The current insurance models are set to evolve into “ecosystems”. The companies’ aim is to offer premium insurance cover that is customised to their clients’ requirements, particularly for vehicle and health insurance. 

Traditional types of insurance are destined to disappear and be replaced with “ecosystems”, as heralded by a recent offer from Tesla. Over the last few months, the American firm has offered specific insurance that is included in the price of its connected vehicles, which are supposedly safer than normal vehicles.

Insurance companies are preparing to embrace this trend in order to adapt to the ever more connected world in which we live. They hope to offer their clients premium insurance that is both customised and dynamic, in particular for vehicle and health insurance.

 

Using data from connected products to innovate

 

Thanks to connected devices, insurance companies will be able to put forward more customised offers. This is already the case for “Progressive” and “Insure The Box”, who add sensors to their clients’ vehicles, while other companies are signing partnerships directly with manufacturers.

This “connected” insurance system can also be applied to logistics companies, to provide information about the status of their deliveries, or to the business world, by analysing data collected in invoicing and accounting apps via the cloud.

But, according to Sangeet Paul Choudary, founder and CEO of Platformation Labs, the advances will go way beyond connected and customised insurance. He claims that, where traditional insurance monetises its promise to protect clients in the event of an accident, the insurance of the future – thanks to the collection and analysis of data – will quite simply enable clients to avoid the incident in the first place.

 

New monetisation opportunities

 

Insurers – in particular car insurers – will be able to exploit the virtuous circle of their clients’ behaviour thanks to data collection and analysis. For instance, a British insurance company offers a black box that can be installed on the dashboard of young drivers’ cars in order to analyse their driving and give them tips on how to improve. 

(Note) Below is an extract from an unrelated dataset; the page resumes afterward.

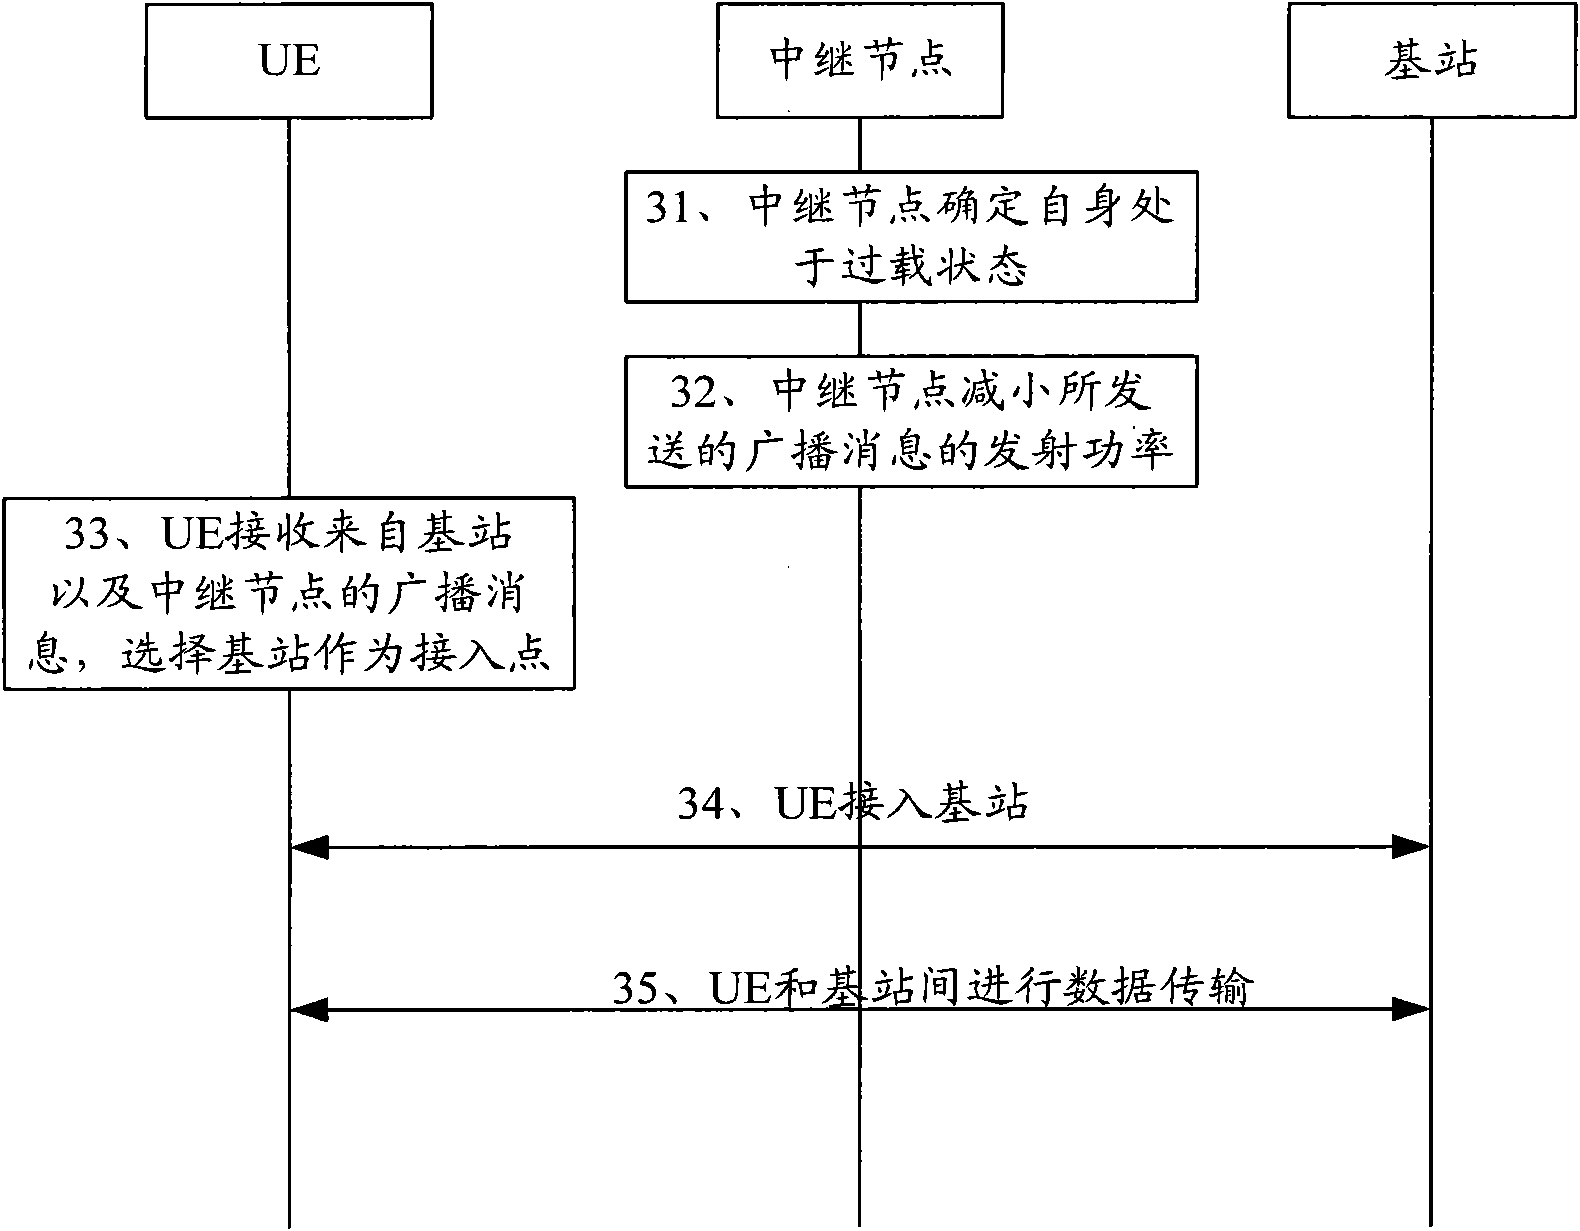 Consumer terminal access method, system and device in high level long-term evolutionary progression system

Choudary highlights the strategic importance for insurance companies to own their clients’ data, and to adopt an “ecosystem-based” approach. In the ecosystem model, the insurer collaborates with a certain number of third parties in order to analyse their clients’ data profiles, by joining forces with an external platform such as Nest, for example. In this scenario, the external platform can own the data. But the real opportunity for insurers is to possess this data themselves and create their own ecosystem instead of handing it over to a third party.

 

The future role of regulators

 

The transformation of insurance companies into “insurance ecosystems” has one inarguable advantage: thanks to their network structure, ecosystems are actually more viable. And the more of their clients’ data they collect, the more third-party collaborators they will have. Consequently, the more value the third parties add, the more advantageous the final offer will be for the client. It is likely that a small number of large ecosystems end up dominating the whole market.

While traditional insurance data is strictly regulated, the new forms of data are less so, at least for the moment. For example, data from the healthcare sector is well-protected, but data about wellbeing and fitness are in a grey area with regard to regulations. Regulators must therefore strike a balance between respecting the users’ private lives and innovating.